_What you have to do_
Your task is to transcribe all of the data below exactly, omitting the images.

━━ Collected data

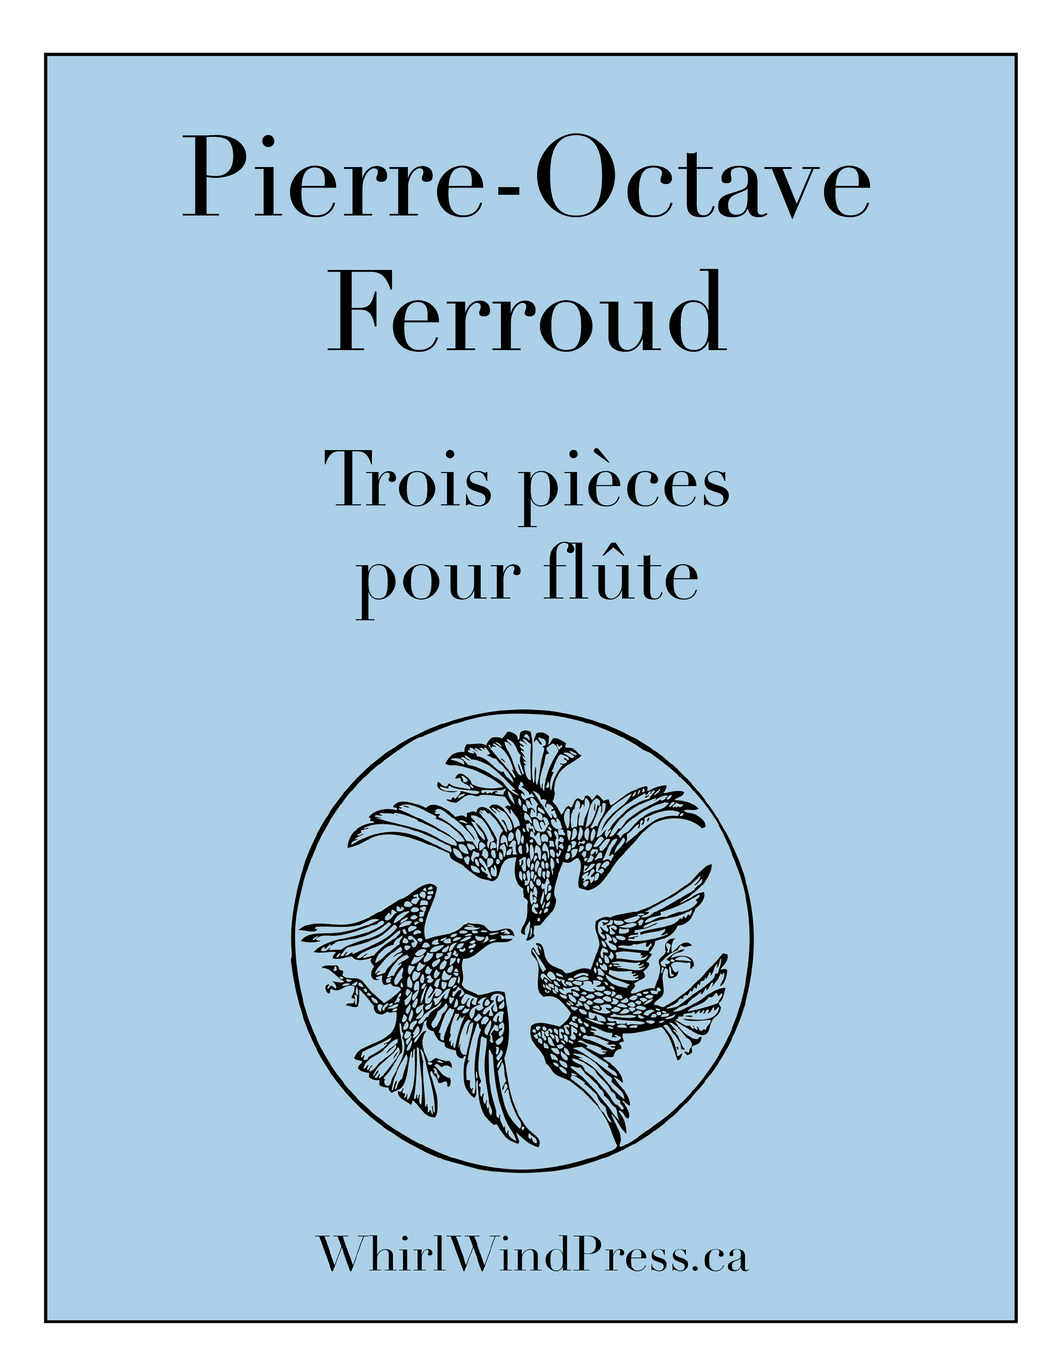 Pierre-Octave Ferroud - Trois Pieces pour flute
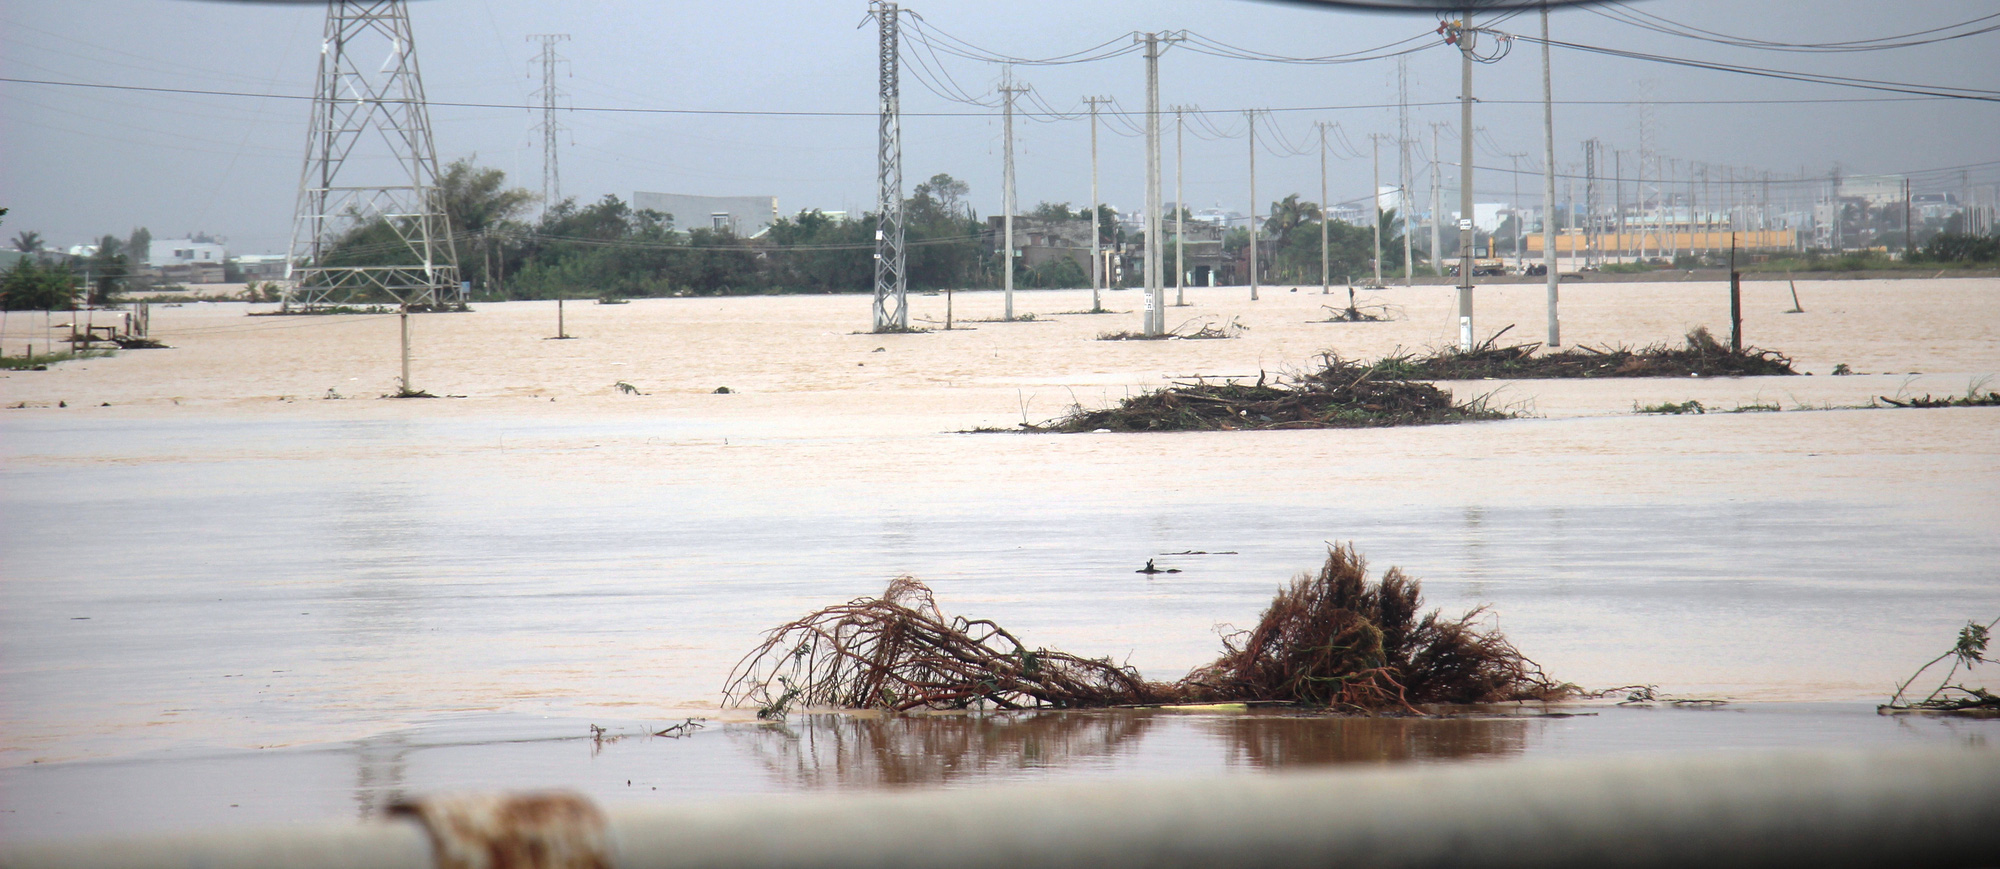 Bão lũ dồn dập, gây thiệt hại nặng nề… ở Bình Định, Phú Yên - Ảnh 2.
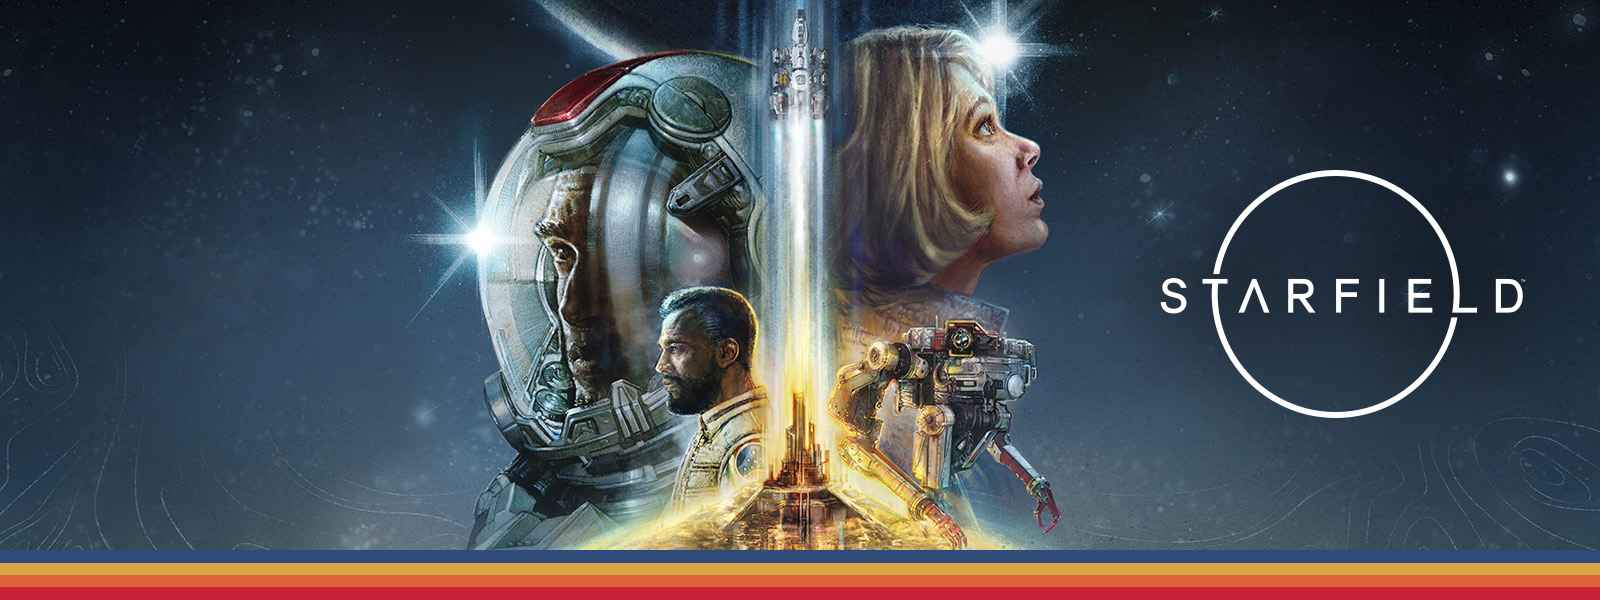 Starfield. Cuatro personajes superpuestos mirando hacia derecha e izquierda mientras un cohete despega en el medio con un fondo espacial.

━━━━

_Your solution_
 Pierre-Octave Ferroud - Trois Pieces pour flute
 Bão lũ dồn dập, gây thiệt hại nặng nề… ở Bình Định, Phú Yên - Ảnh 2.
 Starfield. Cuatro personajes superpuestos mirando hacia derecha e izquierda mientras un cohete despega en el medio con un fondo espacial.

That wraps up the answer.